Autophagy-related compound screening for the development of COVID-19 therapeutics

Junior Associate Professor Kazuo Takayama and his research team used human airway organoids to screen autophagy-related compounds and found cycloheximide and thapsigargin to show strong antiviral effects against SARS-CoV-2. Further testing revealed cycloheximide to be also effective against six SARS-CoV-2 mutant strains and other human coronaviruses. Results of this study were published online in Molecular Pharmaceutics on March 22, 2023.

Targeting host proteins involved in viral infections is an effective approach for dealing with viruses that mutate rapidly to produce new strains one after another. In this study, the scientists attempted to find COVID-19 therapeutic agents by focusing on autophagy. Autophagy is known to be closely involved with infection by SARS-CoV-2 and its elimination, thus making autophagy-related compounds potential COVID-19 therapeutic candidates.

The research team screened a library of autophagy-related compounds with airway organoids to identify compounds that could control SARS-CoV-2 infection. From the 80 compounds tested, they found cycloheximide and thapsigargin to reduce infection efficiency in a dose-dependent manner.

Because cycloheximide showed greater antiviral efficacy than thapsigargin, they further examined cycloheximide in detail. Cycloheximide also exhibited antiviral activity against six SARS-CoV-2 mutant strains, as well as against human coronaviruses, HCoV-229E and HCoV-OC43, which suggests that cycloheximide has broad-spectrum anti-coronavirus activity. On the other hand, the researchers observed significant toxicity caused by cycloheximide in animal experiments due to its function as a protein synthesis inhibitor.

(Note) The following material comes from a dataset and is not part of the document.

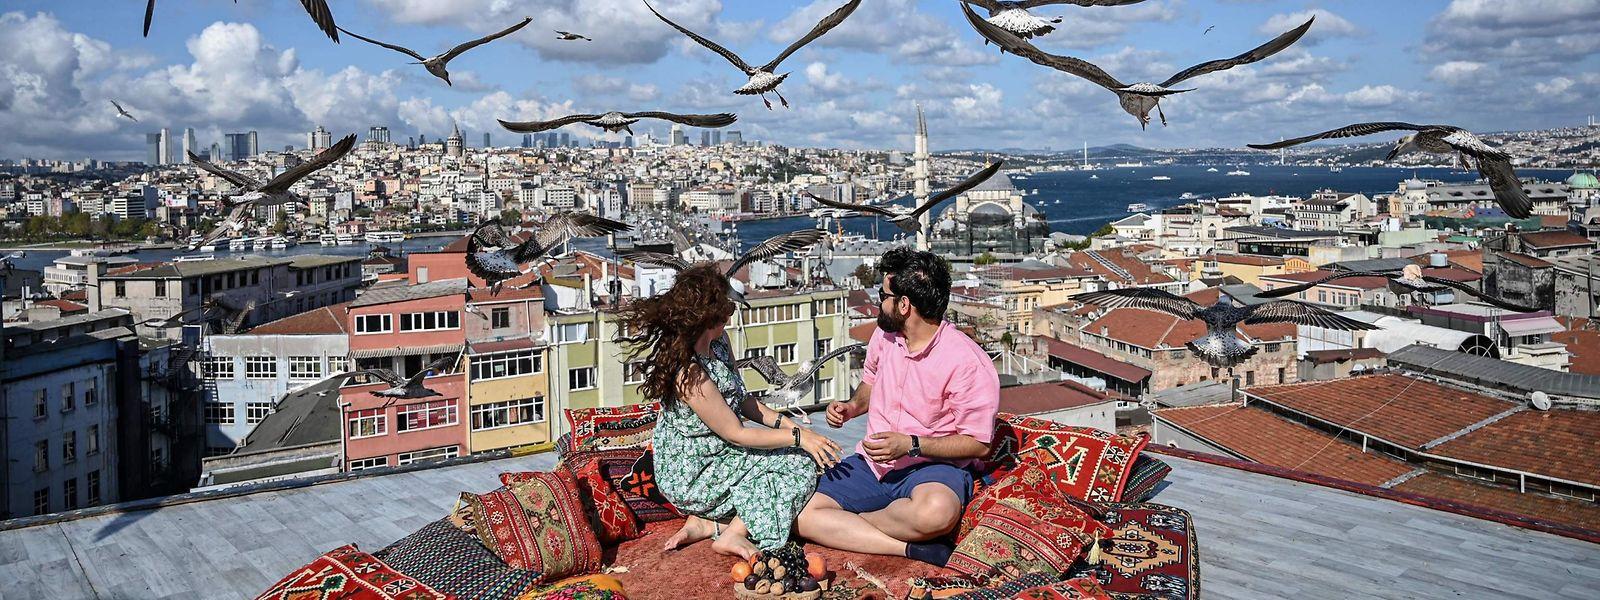 """Goldener Herbst in Istanbul: Die Sonne scheint warm über den glitzernden Bosporus, an dessen Ränder endlose Reihen Häuser die Hügel emporwachsen. Da kommt diese Dachterrasse wie gerufen. Wer vielleicht literarisch reisen will, dem sei """"Istanbul – Erinnerungen und Bilder aus einer Stadt"""" von Orhan Pamuk empfohlen. Die Stadt bedeutet dem Literaturnobelpreisträger die Welt."""

Takayama believes less toxic derivatives or analogous compounds of cycloheximide that retain their antiviral effects hold great promise if developed in the future. In this study, the team demonstrated the feasibility of drug screening using human airway organoids, thus hinting at the possibility of combining the method with much larger compound libraries for more extensive COVID-19 therapeutic drug discovery.